The company in question is bidding under a Public Tender to obtain the concession for an Inflammables Terminal where it will be responsible for the loading and discharge of bulk liquid petrocehmical products and petroleum derivatives


----------



## fsabroso

Hi:

"*Stowage company*"?


----------



## forgues

Porteño said:


> Hi, everyone. Can anybody come up with a good English translation of this term? I know it's Sunday, but I'm not getting too much response so far today for the questions I've been asking. Let's hope I'll have better luck with this one.
> 
> The company in question is bidding under a Public Tender to obtain the concession for an Inflammables Terminal where it will be responsible for the loading and discharge of bulk liquid petrocehmical products and petroleum derivatives


 
*Port Terminal Operating Company ?*


----------



## Porteño

Thanks for your prompt replies. I'm toying with the idea of a 'stevedoring company', any thoughts on that?


----------



## fsabroso

it sounds good:

*stevedoring*, A firm or individual engaged in the loading and unloading of ships.

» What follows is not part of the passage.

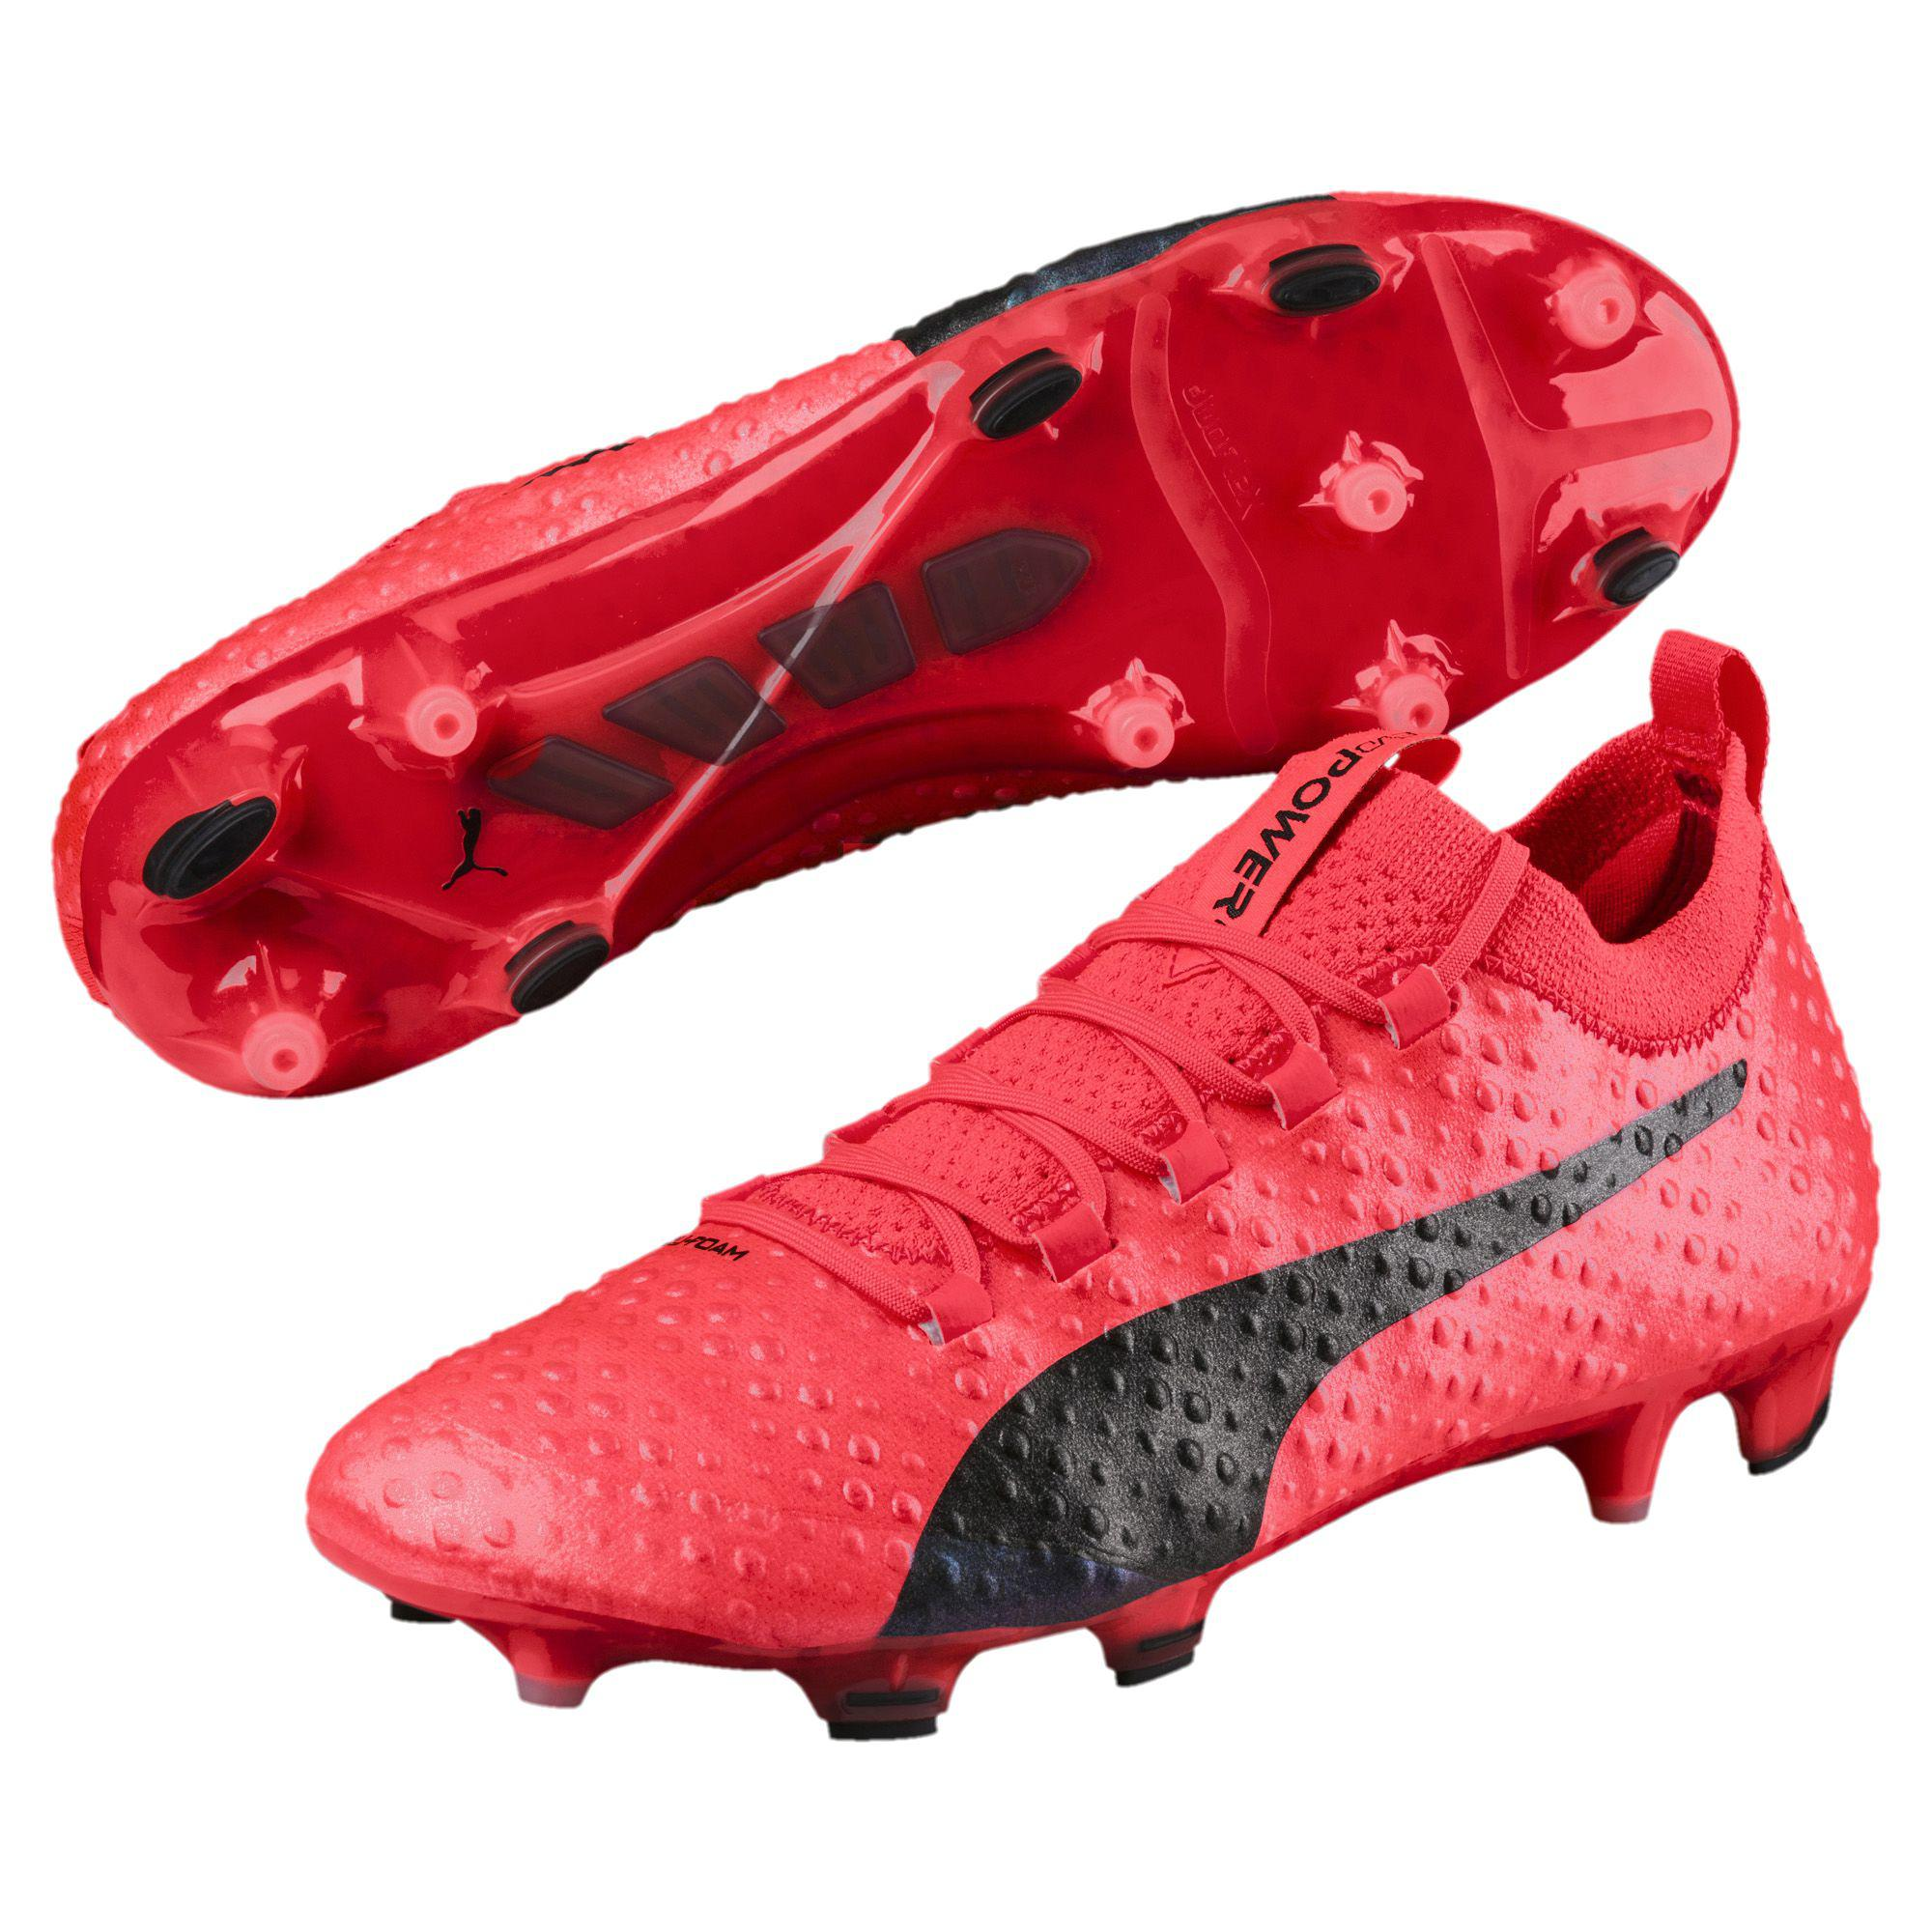 cb10c1c2a Lyst - PUMA Evopower Vigor 3d 1 Fg Men s Firm Ground Soccer Cleats ...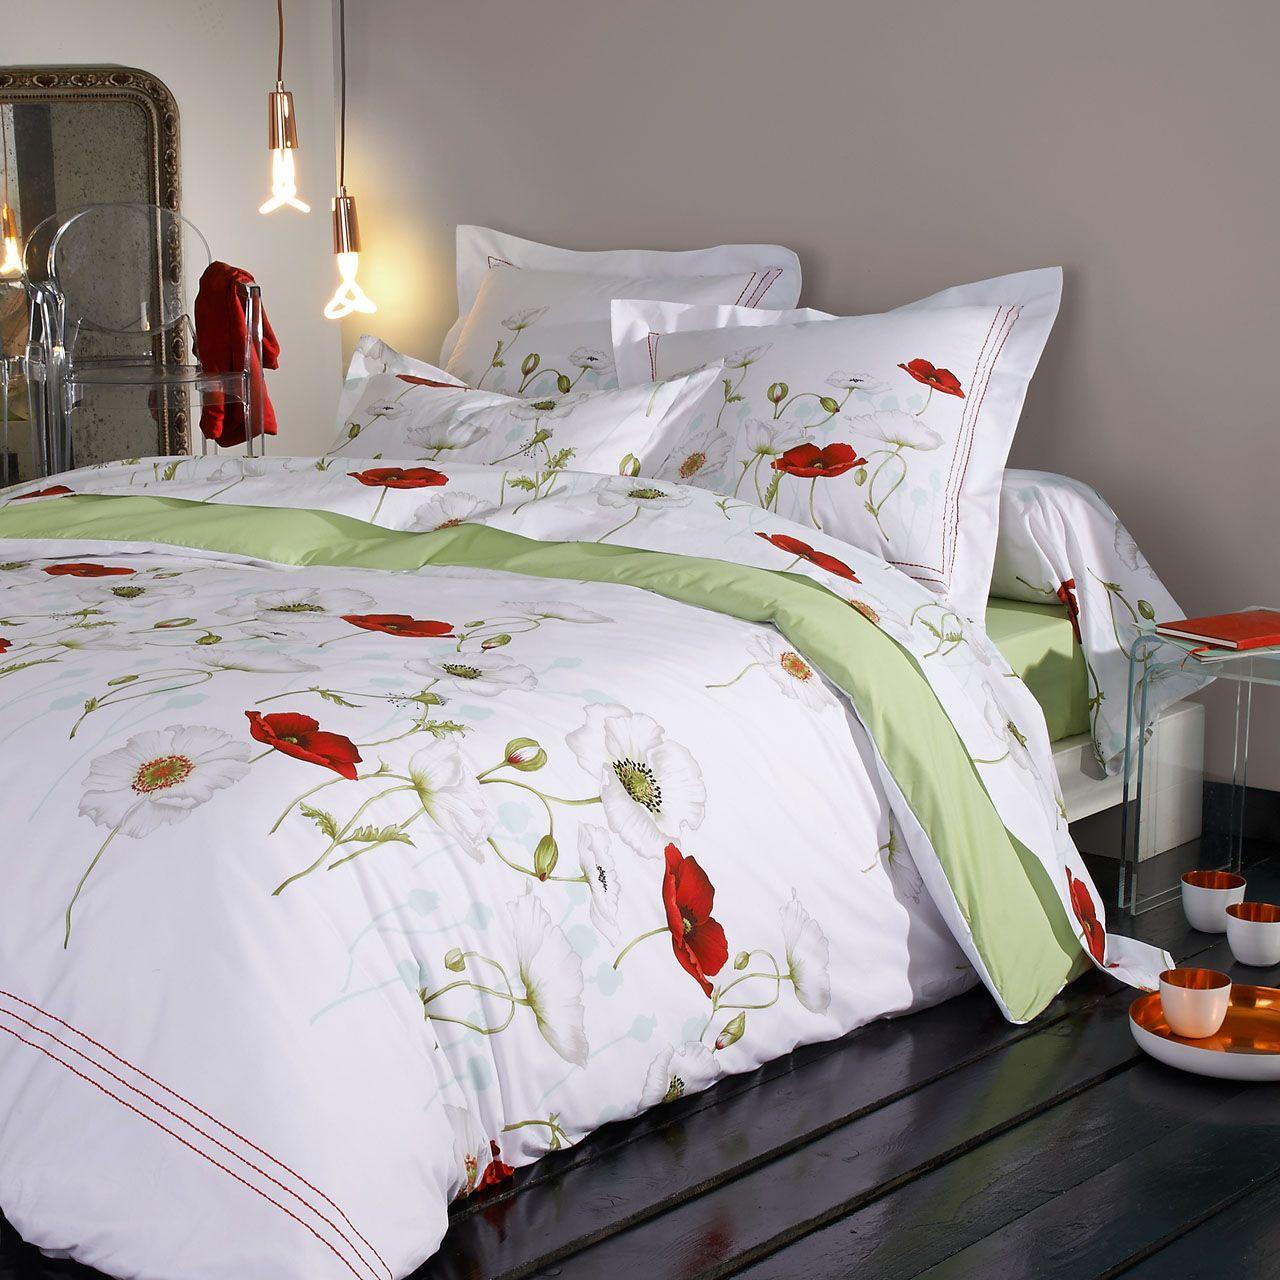 drap housse percale s duction 160x200 tradilinge. Black Bedroom Furniture Sets. Home Design Ideas

*stowage*, The placing of goods in a ship in such a way as to ensure the safety and stability of the ship not only on a sea or ocean passage but also in between ports when parts of the cargo have been loaded or discharged.


----------



## Porteño

Many thanks, fsabroso, it does seem a strange word but it fits the bill.


----------



## fsabroso

Good luck!


----------



## Porteño

Thanks, it was a 'parto dificil', to say the least, because the original Spanish was not exactly '_kosher_', so to speak, which always makes translation a bit tougher but challenging.


----------



## jalibusa

Si lo que la compañía hace es almacenaje, es una *"warehousing company"*, y parte de las tareas de lamacenaje es el trabajo de estiba.
Un detalle aparte, el nombre es "Flammables o (flammable materials) Terminal" no "*In*flammables"


----------



## jalibusa

Si lo que hace es solamente descargar y poner en el muelle, es una "Flammable materials handling company" o "Specialized Hazmats (*haz*ardous *mat*erials) handling company"


----------



## Porteño

Thanks jalibusa, but in English 'inflammable' means a fire hazard, it's a 'false friend'.


----------



## cirrus

The problem is that both flammable and inflammable are both taken to mean liable to burst into flames.  

I like the idea of hazmat handling but this doesn't get over the dock aspect.


----------